◆ ASSIGNED TASK
Exactly the lines from the start of the data below through the line containing "iPhone 6 A1549 MG4X2LL/A Late 2014 4.7" must be returned, and no others.

◆ SUPPLIED MATERIAL

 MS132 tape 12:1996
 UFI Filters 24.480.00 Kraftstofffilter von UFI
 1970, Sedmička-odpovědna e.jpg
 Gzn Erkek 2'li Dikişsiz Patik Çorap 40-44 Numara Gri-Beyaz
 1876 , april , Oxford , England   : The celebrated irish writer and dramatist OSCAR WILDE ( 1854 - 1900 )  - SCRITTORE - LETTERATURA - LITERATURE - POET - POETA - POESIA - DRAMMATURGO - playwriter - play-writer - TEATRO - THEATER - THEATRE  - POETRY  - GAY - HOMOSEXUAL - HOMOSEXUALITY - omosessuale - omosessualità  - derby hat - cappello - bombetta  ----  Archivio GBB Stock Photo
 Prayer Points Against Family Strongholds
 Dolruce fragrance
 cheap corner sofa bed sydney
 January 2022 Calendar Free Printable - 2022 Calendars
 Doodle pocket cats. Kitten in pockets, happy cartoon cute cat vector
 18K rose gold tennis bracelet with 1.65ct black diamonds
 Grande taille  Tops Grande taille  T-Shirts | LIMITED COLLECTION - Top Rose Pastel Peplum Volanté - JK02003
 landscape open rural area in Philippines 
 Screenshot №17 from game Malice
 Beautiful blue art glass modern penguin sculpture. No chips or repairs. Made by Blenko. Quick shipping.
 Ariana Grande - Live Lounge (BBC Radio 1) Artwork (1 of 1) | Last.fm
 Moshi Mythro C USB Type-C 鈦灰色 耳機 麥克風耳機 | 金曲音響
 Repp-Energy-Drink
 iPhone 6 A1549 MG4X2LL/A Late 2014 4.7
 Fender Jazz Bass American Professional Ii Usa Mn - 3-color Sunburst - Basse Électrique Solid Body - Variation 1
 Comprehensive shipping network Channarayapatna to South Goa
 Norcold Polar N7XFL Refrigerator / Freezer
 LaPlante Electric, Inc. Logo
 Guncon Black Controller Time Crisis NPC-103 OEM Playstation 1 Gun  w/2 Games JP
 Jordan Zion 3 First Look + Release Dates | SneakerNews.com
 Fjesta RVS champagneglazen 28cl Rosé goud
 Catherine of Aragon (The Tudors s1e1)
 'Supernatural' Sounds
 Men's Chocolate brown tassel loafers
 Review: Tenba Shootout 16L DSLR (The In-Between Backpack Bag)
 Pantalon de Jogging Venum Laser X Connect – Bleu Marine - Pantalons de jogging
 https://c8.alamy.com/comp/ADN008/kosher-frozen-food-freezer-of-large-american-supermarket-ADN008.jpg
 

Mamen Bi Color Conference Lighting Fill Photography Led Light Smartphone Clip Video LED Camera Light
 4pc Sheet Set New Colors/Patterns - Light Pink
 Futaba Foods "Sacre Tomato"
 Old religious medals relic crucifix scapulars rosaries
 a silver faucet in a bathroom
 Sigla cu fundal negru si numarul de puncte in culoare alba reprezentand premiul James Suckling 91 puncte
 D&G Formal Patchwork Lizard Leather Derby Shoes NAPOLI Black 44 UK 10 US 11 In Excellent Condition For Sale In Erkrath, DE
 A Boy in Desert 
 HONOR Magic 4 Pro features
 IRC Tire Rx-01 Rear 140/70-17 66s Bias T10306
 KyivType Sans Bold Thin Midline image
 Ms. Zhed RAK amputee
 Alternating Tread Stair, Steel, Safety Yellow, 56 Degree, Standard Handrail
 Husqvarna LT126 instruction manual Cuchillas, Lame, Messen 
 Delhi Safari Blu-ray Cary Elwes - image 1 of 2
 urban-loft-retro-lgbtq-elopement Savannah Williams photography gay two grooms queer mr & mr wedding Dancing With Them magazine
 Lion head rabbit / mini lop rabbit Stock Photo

◆ SOLUTION TO THE PROBLEM
 MS132 tape 12:1996
 UFI Filters 24.480.00 Kraftstofffilter von UFI
 1970, Sedmička-odpovědna e.jpg
 Gzn Erkek 2'li Dikişsiz Patik Çorap 40-44 Numara Gri-Beyaz
 1876 , april , Oxford , England   : The celebrated irish writer and dramatist OSCAR WILDE ( 1854 - 1900 )  - SCRITTORE - LETTERATURA - LITERATURE - POET - POETA - POESIA - DRAMMATURGO - playwriter - play-writer - TEATRO - THEATER - THEATRE  - POETRY  - GAY - HOMOSEXUAL - HOMOSEXUALITY - omosessuale - omosessualità  - derby hat - cappello - bombetta  ----  Archivio GBB Stock Photo
 Prayer Points Against Family Strongholds
 Dolruce fragrance
 cheap corner sofa bed sydney
 January 2022 Calendar Free Printable - 2022 Calendars
 Doodle pocket cats. Kitten in pockets, happy cartoon cute cat vector
 18K rose gold tennis bracelet with 1.65ct black diamonds
 Grande taille  Tops Grande taille  T-Shirts | LIMITED COLLECTION - Top Rose Pastel Peplum Volanté - JK02003
 landscape open rural area in Philippines 
 Screenshot №17 from game Malice
 Beautiful blue art glass modern penguin sculpture. No chips or repairs. Made by Blenko. Quick shipping.
 Ariana Grande - Live Lounge (BBC Radio 1) Artwork (1 of 1) | Last.fm
 Moshi Mythro C USB Type-C 鈦灰色 耳機 麥克風耳機 | 金曲音響
 Repp-Energy-Drink
 iPhone 6 A1549 MG4X2LL/A Late 2014 4.7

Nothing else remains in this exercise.